= Torolf Juell =

Norwegian military officer and judge

Torolf Juell (4 November 1897 – 16 September 1983) was a Norwegian military officer and judge.

He was born in Arendal as a son of Christian Fredrik Iuell (1858–1922) and Mathilde Fredrikke Augusta Hoyer. He was a brother of prison director Niels Iuell and diplomat Harald Juell. In 1935 he married Maria Cecilia Monrad-Krohn, a daughter of medicine professor Georg Monrad-Krohn and older sister of Lars Monrad-Krohn.

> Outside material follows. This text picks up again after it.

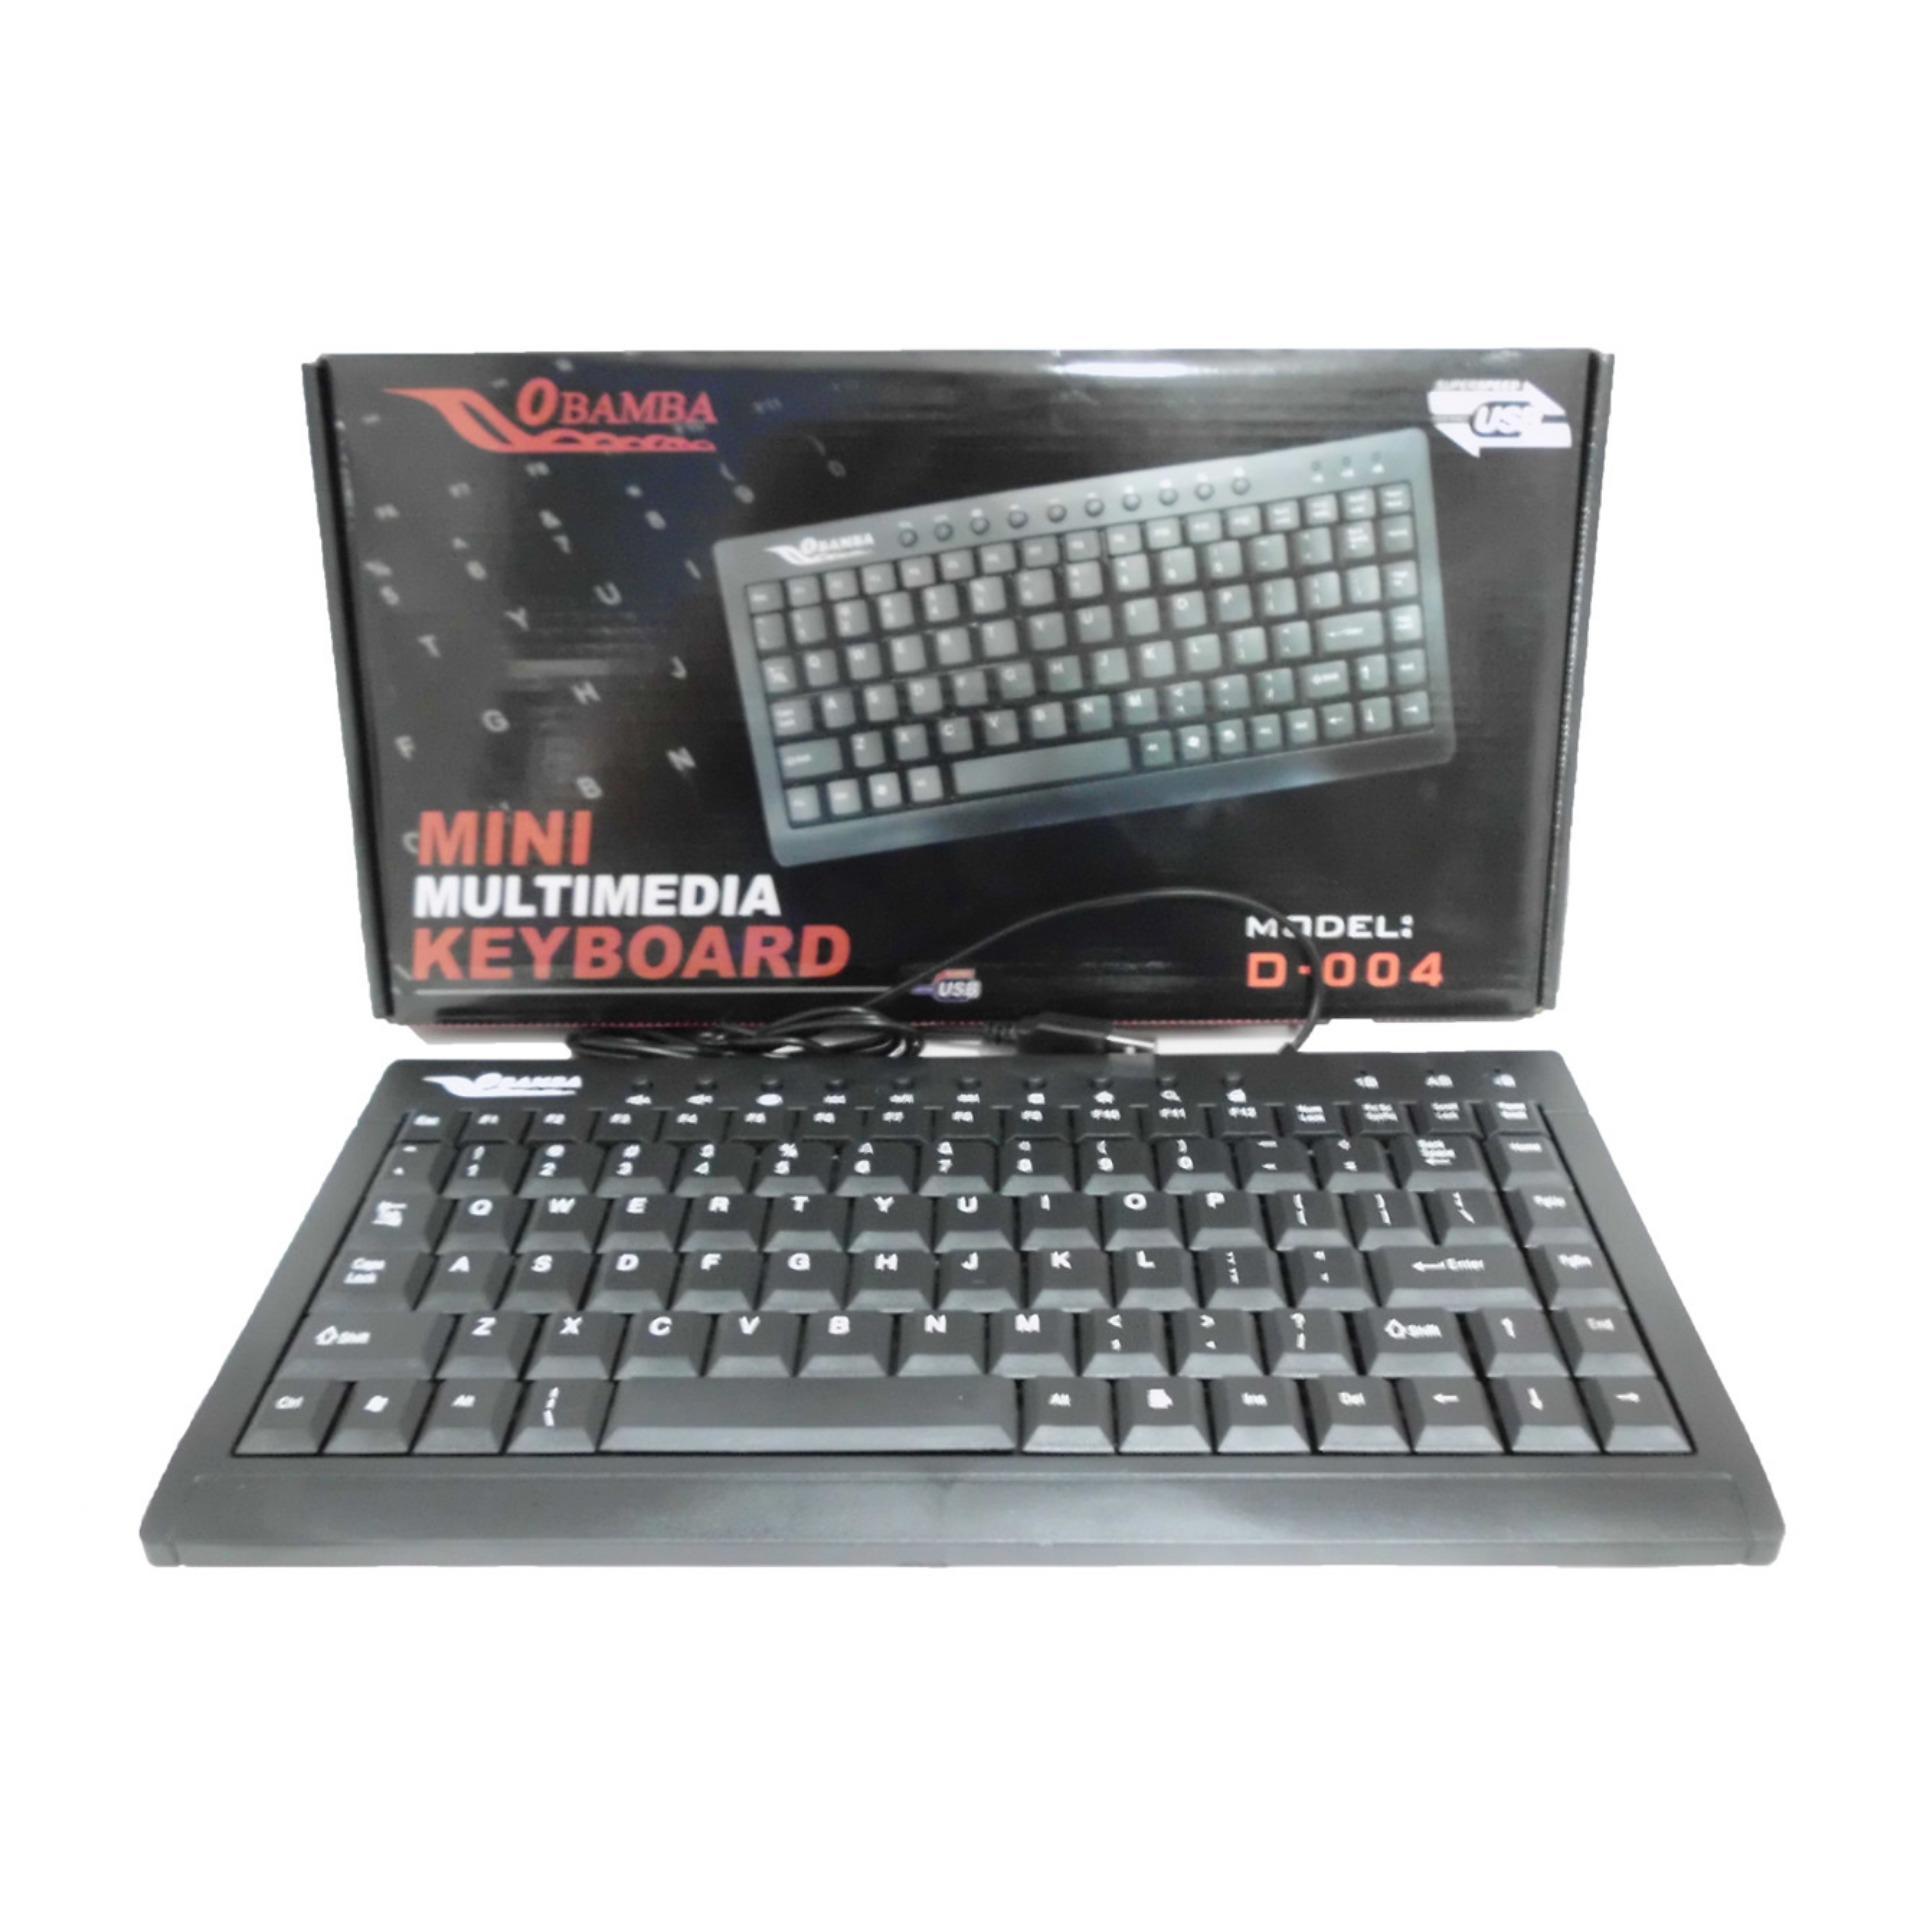 M Tech Keyboard Usb Angka Numeric Hitam Spec Dan Daftar Harga Marvo K945 Wired Gaming Full Mechanial Keyboards New Triniaga Solusi Cermat Source Obamba Multimedia Mini

Juell finished secondary education in 1916 and graduated from officer school in 1917. He entered law studies and graduated from the Royal Frederick University with the cand.jur. degree in 1922, and after being a deputy judge in Nord-Gudbrandsdal District Court from 1922 to 1923 and junior attorney in Elverum from 1924 to 1925, he studied to become an average adjuster. From 1926 to 1930 he worked as a consultant for Tinfos. He was joined in that company by his brother Niels in 1929. Juell earned his barrister's license in 1930, gaining access to work with Supreme Court cases, and also studied in England and France to become a certified French translator. He worked in Oslo from 1933. He continued a military career on the side, and reached the rank of rittmester in 1939. He was also a deputy chairman of the nationwide Conscript Officers' Association.

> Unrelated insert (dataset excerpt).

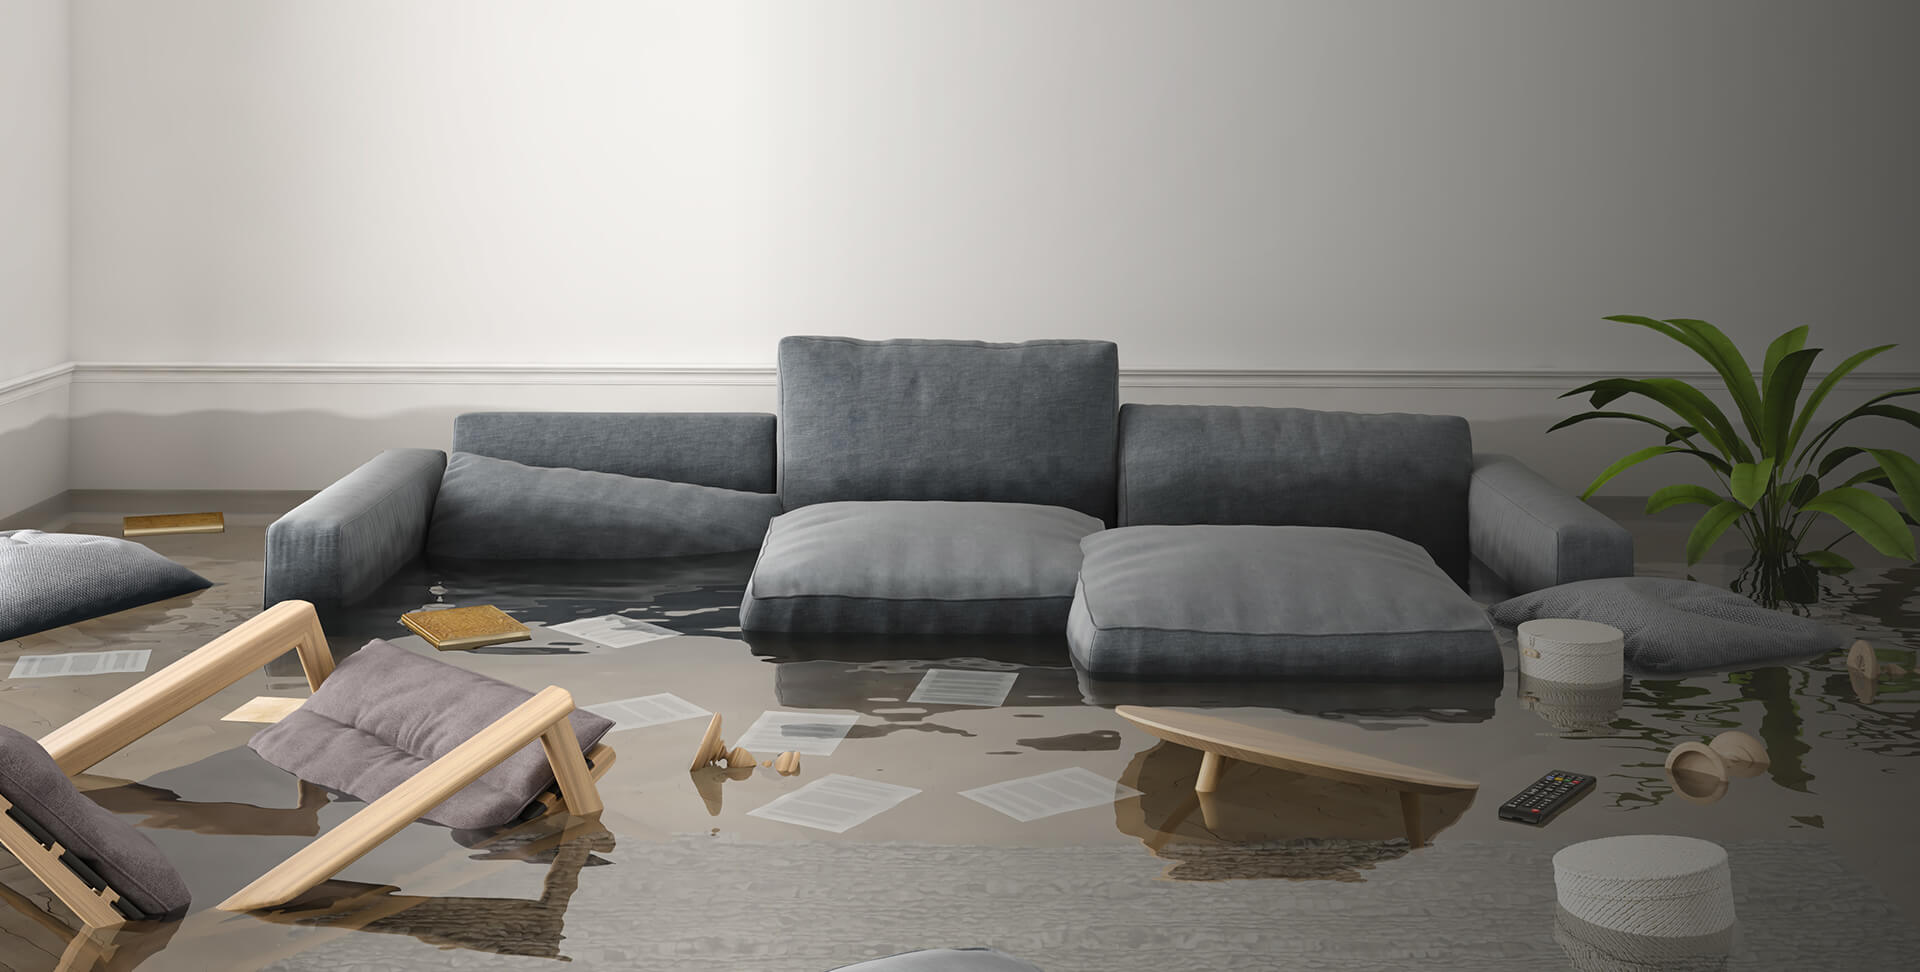 Sonde inondation

Between 1943 and 1945 he was held as a prisoner-of-war by Nazi Germany. After his arrest on 16 August 1943, he was held in the camps Schildberg and then Luckenwalde until it was liberated. After the Second World War he was a judge in Oslo City Court from 1945 to 1967. He then worked various jobs; in the Ministry of Finance, Ministry of Industry and the Ministry of Foreign Affairs.